② Japan's bond market earthquake: speculation of a rate hike for the first time in 40 years.
The most important black swan in Asia in November is not China, but Japan's potential end to negative interest rates and entry into a rate hike cycle.
This means: global arbitrage capital is forced to flow back to Japan, U.S. bonds are under pressure, global risk assets are declining synchronously, and the crypto market is facing liquidity withdrawal.
Japan is the world's largest debtor nation; once it raises interest rates, it will trigger an explosion of the entire global asset pricing system.
③ ETF inflows have slowed, and institutions are taking a short-term 'break.'
In the first three months, the strong inflow of BTC ETF was the hardcore support for the market.
But in November: ETF inflows have significantly slowed, corporate accumulation has slowed down, and some funds have chosen to realize profits. The market lacks 'new funds,' so prices are naturally unstable.
④ On-chain data deteriorated: selling pressure concentrated in the short term.
A very obvious feature appeared on-chain in November:
Short-term holders (1-3 months) are choosing to sell in the 3-7% retracement range, with an increase in BTC inflow to mainstream exchanges and a slowdown in Ethereum's coin accumulation rate.
In short: short-term traders are panicking and leaving, while long-term capital hasn't had time to take over.
This has caused: the decline to be amplified, panic to spread, and liquidations to enter a death spiral.
Two, December: The Federal Reserve has officially stopped QT!
Although there hasn't been any significant change in the size of the balance sheet, sentiment will still be somewhat boosted!

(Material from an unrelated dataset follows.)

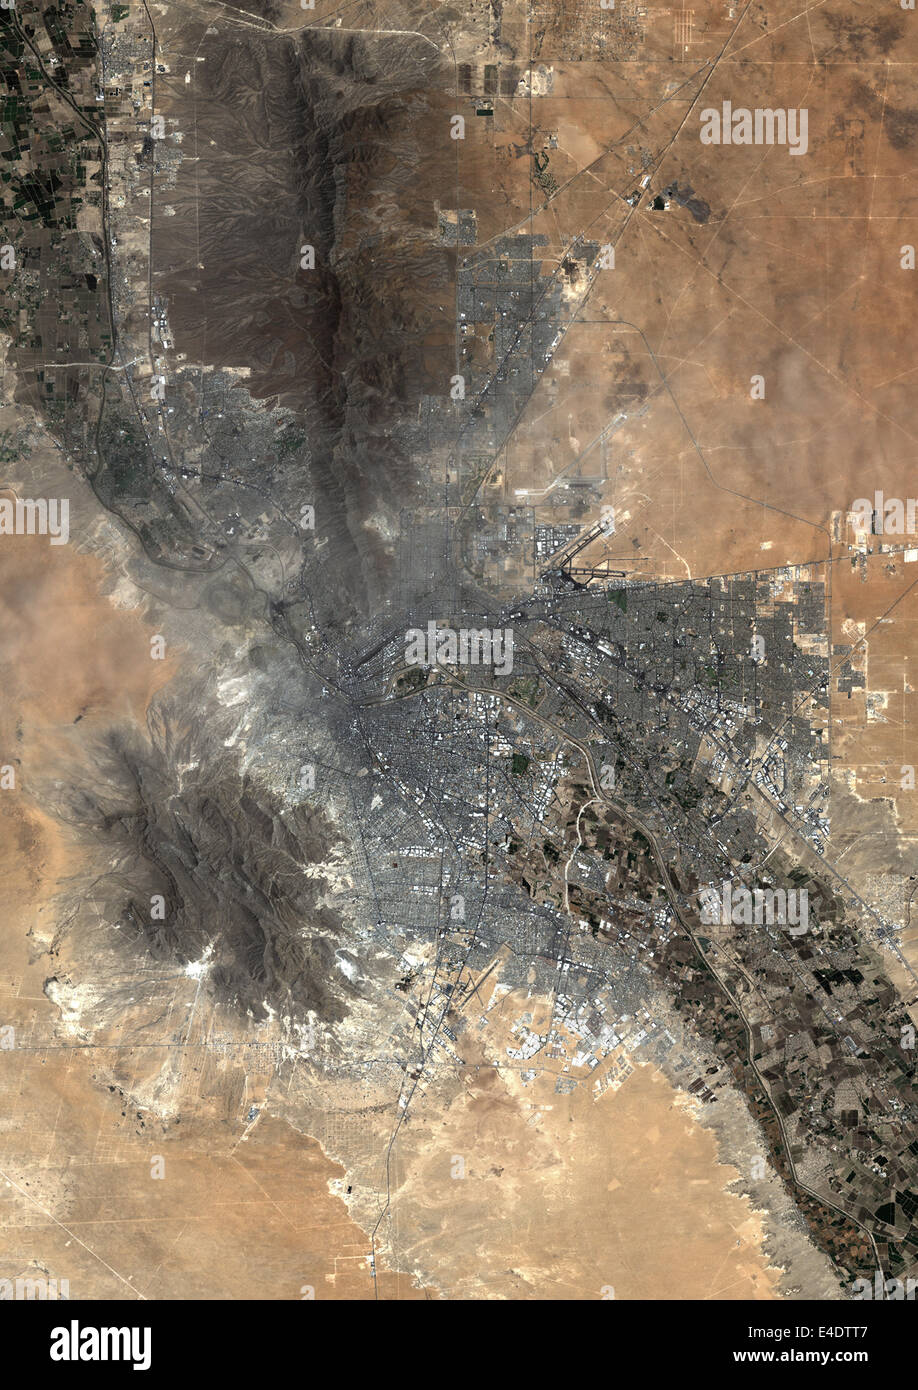 El Paso, Texas, Usa, Echtfarben-Satellitenbild. El Paso, Texas, USA. Echtfarben-Satellitenbild der Stadt von El Paso, genommen Stockfoto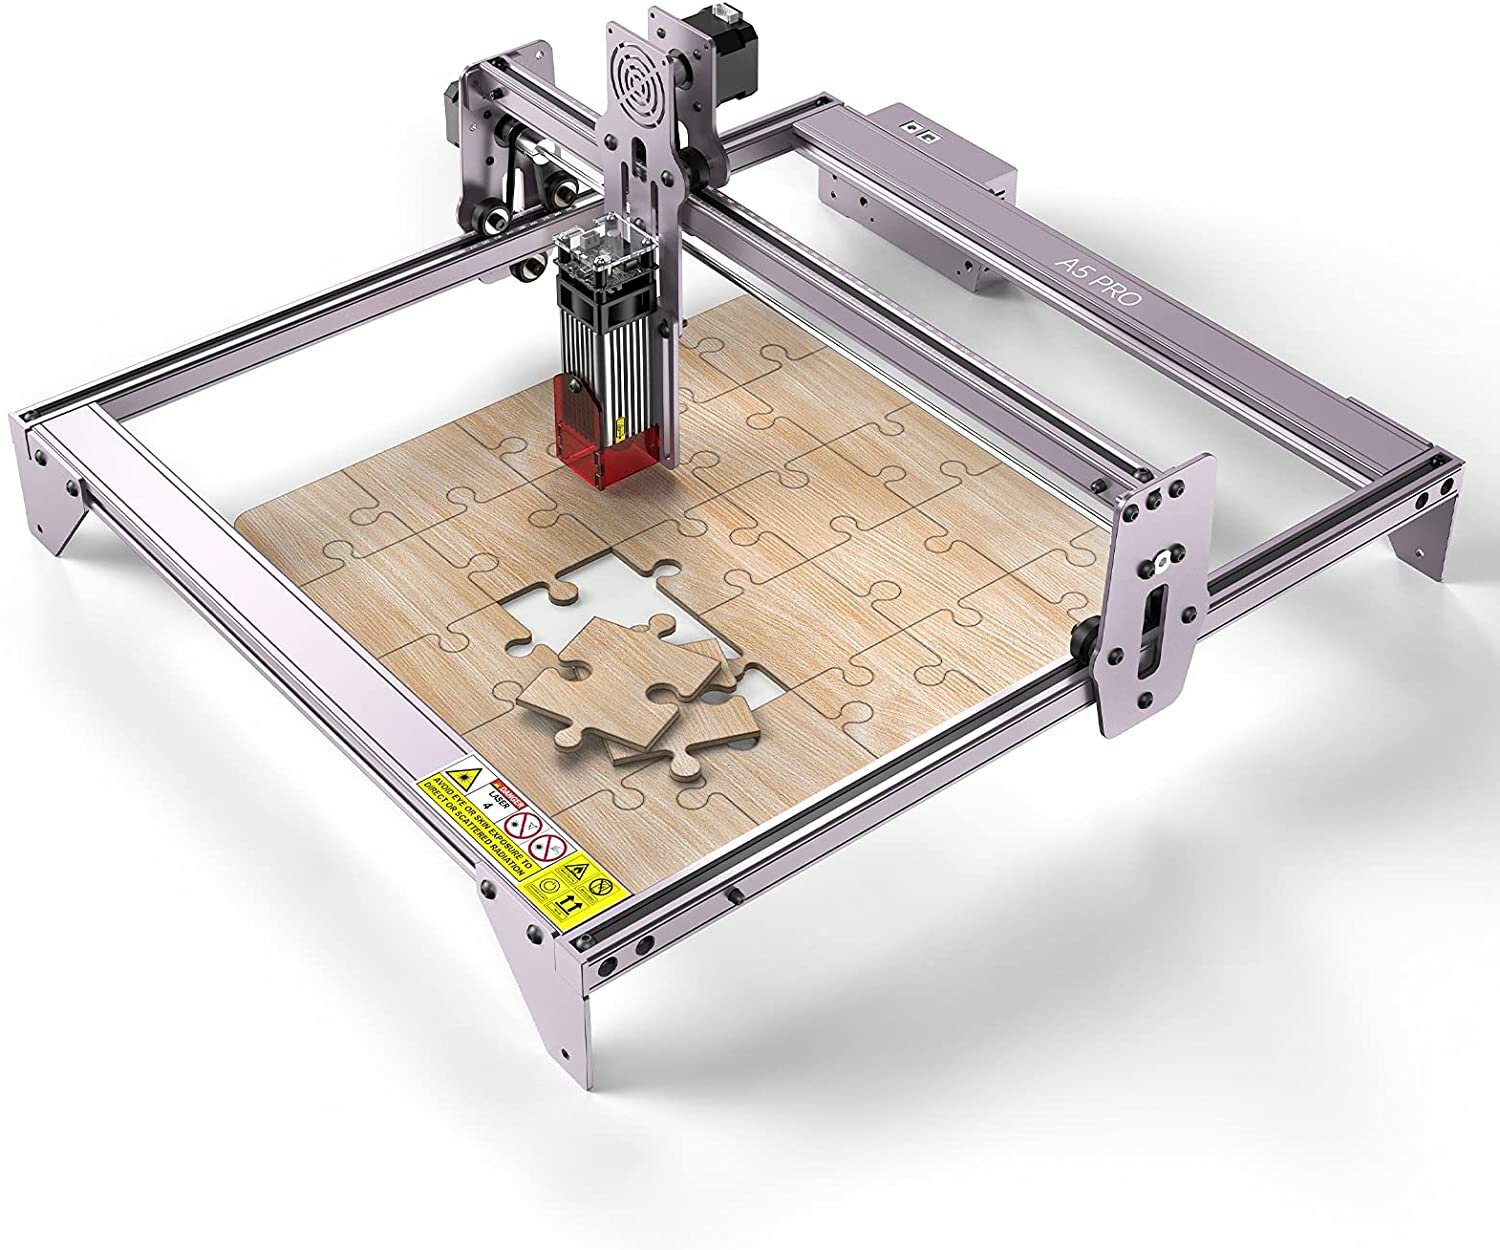 KIHIGHPO M50 Laser Engraving Machine Laser Engraver Cutter Printer Kit Desktop Gift DIY Cutter

Don't panic, the Federal Reserve has begun injecting liquidity; on December 1st, an overnight repurchase of $13.5 billion, second only to the 2020 pandemic, exceeding the 2000 internet bubble!
Let's briefly explain what 'overnight repurchase' is? In simple terms, it is a kind of 'short-term lending' between the Federal Reserve and banks. Bank: Boss, I'm tight on money, lend me some, and I'll pay you back tomorrow! I'll use treasury bonds as collateral.
The Federal Reserve: Alright, here's $13.5 billion (this time), charging you a little interest, and tomorrow you'll pay me back the principal + interest, and take away the treasury bonds. This is called 'overnight repurchase.'
For banks, it is a lifesaver; for the Federal Reserve, it is a tool for injecting liquidity into the market.
In the short term, it is good for the market!
Liquidity is back → banks have money to lend or invest → the market is not short of money → stock markets, bond markets, and cryptocurrencies may all be pushed higher.
The Federal Reserve's action shows it is 'keeping a close watch' and will not let the market face major issues, giving everyone a sense of reassurance. In times of panic, one should bottom fish.

Three, so what will December bring?
Will it continue to be dark, or will it head towards a reversal? Yongqi systematically judges from macro + capital flow + technical aspects + narrative cycles.
First, the macro aspect:
The most important keyword for December is only one - 'return of certainty.' Compared with the variable-filled November, December will see two signals of 'enhanced certainty' in the macro.
1. Federal Reserve meeting: will not raise interest rates, whether to cut rates is the focus. The December meeting is the most critical one of the year, as it will determine: the interest rate path for next year, and inflation target range.
The Federal Reserve continues to raise interest rates? The probability is almost 0%. As long as there are no rate hikes, it is good news for structural assets.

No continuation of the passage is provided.